The Council also approved $90,000 to fund the project.
Though there is no start date yet, the city hopes to have the project completed by the end of October, said Erik Preston, senior traffic engineer.
City officials conducted studies that show drivers around Sixth Avenue Southwest go an average of 37 mph, despite the posted speed of 25 mph and Third Avenue Southwest has a sight distance issue. Due in part to these issues, the two intersections earned nine points on the city’s ranking scale, the highest received, Preston said.
“This is a pretty testy issue on both sides, but an important issue, and I don’t think we can water that down,” said Councilman Bob Celski, chairman of the Land Use and Transportation Committee.
Many community members also attended the meeting to offer public comments both in support and opposition to the proposal of two traffic circles.
While most citizens recognized a speeding issue, many had concerns about the traffic circles and offered alternatives, including speed tables and widening the road. Concerns included traffic backups due to congestion from the circles and the ability to quickly receive emergency responses.
Rob Graf, president of the Ridge Homeowners Association, noted that of the seven accidents on the stretch of road in question, one was at the Third Avenue Southwest intersection where the average speed is 26 mph, whereas six accidents occured at the Sixth Avenue Southwest intersection, where the average speed is 37 mph.
Scott Chase and Pat Simmons, president and vice president of the West Campus II Homeowners Association, asked the Council to approve the traffic circles.
“We need traffic calming measures,” Simmons said.
Other citizens expressed doubt that the circles would effectively control the safety issues and could create more risks, as drivers try to take the right-of-way in the circle.
Councilwoman Dini Duclos shared that concern, saying she has experienced that in a circle near Fred Meyer, were drivers on the main road take the right-of-way from drivers entering the circle from side roads.
Other community members, including Kevin Burns, expressed concern that money may be wasted by forgoing cheaper, but as-efficient, traffic controls.

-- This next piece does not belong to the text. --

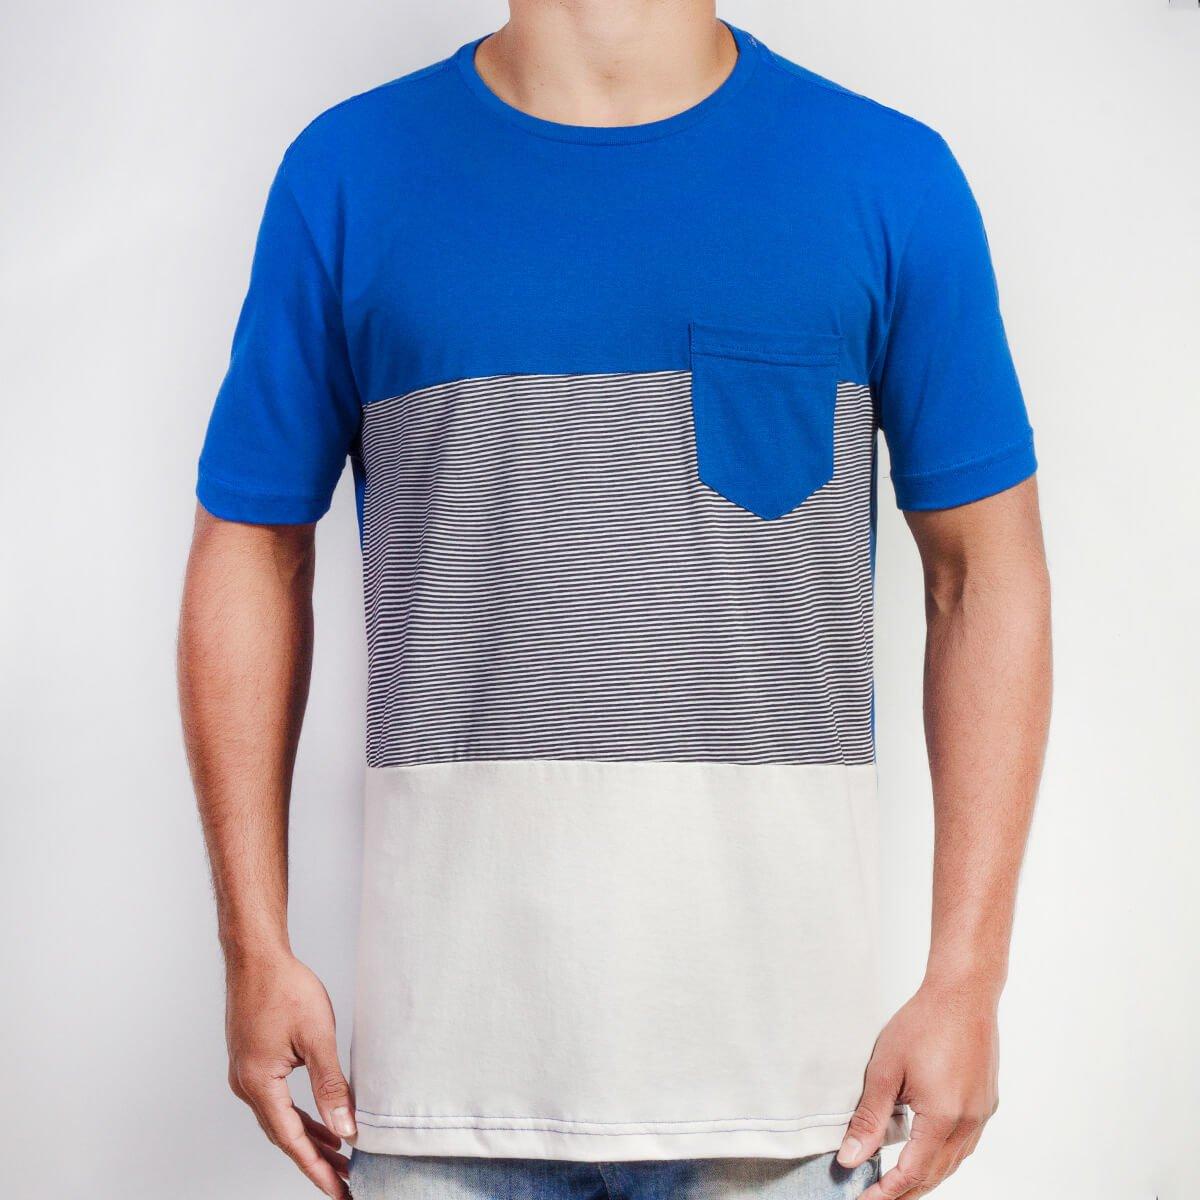 Azul/Preto/Off White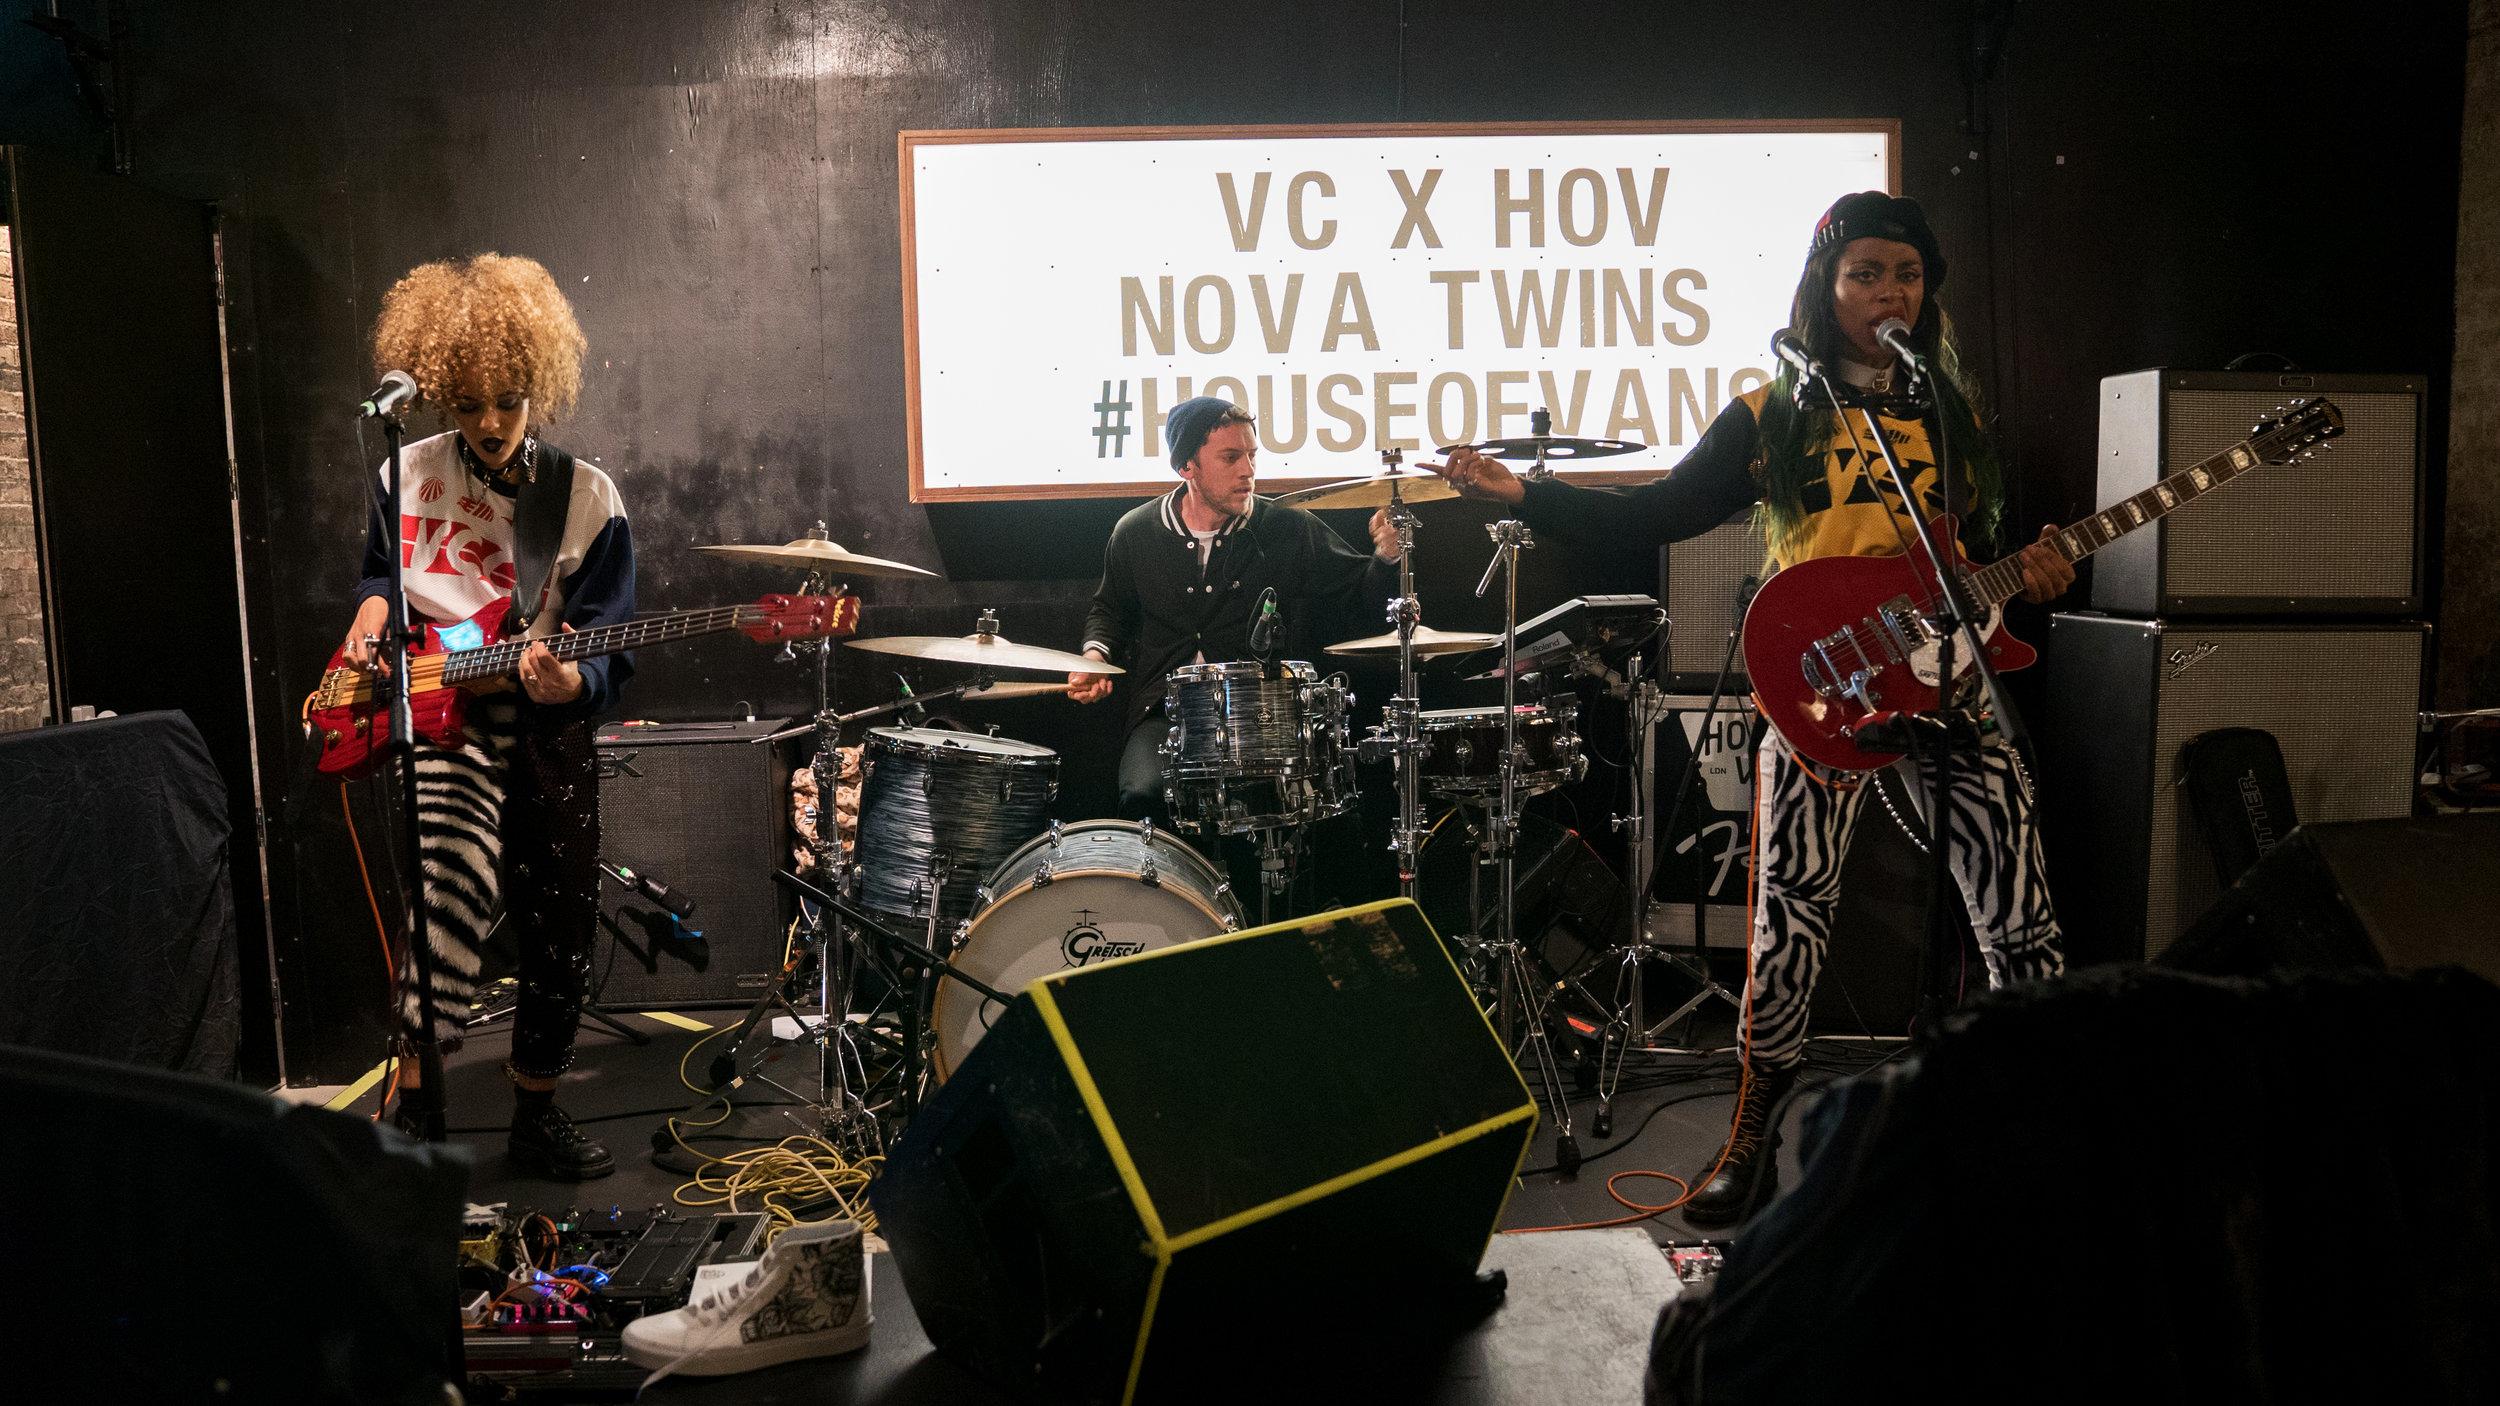 THE NOVA TWINS BY SARAH EMMA SMITH

“I rather doubt anything I’ll say will change anyone’s mind, but I’ll say it anyhow,” Burns said.
Ann Woolman, president of the Latitude Condominiums Homeowners Association, said Federal Way already has too many traffic obstacles and the circles will be overkill.
After some discussion on alternatives, the Council approved funding and construction of the traffic circles in a 6-1 vote, with Duclos opposing the measure.
“The traffic circles won’t be put in and then forgotten,” said Councilwoman Susan Honda, who has lived in both the Ridge and West Campus II neighborhoods. “They will go back and do another traffic study. If they’re not working, something else will have to be done.”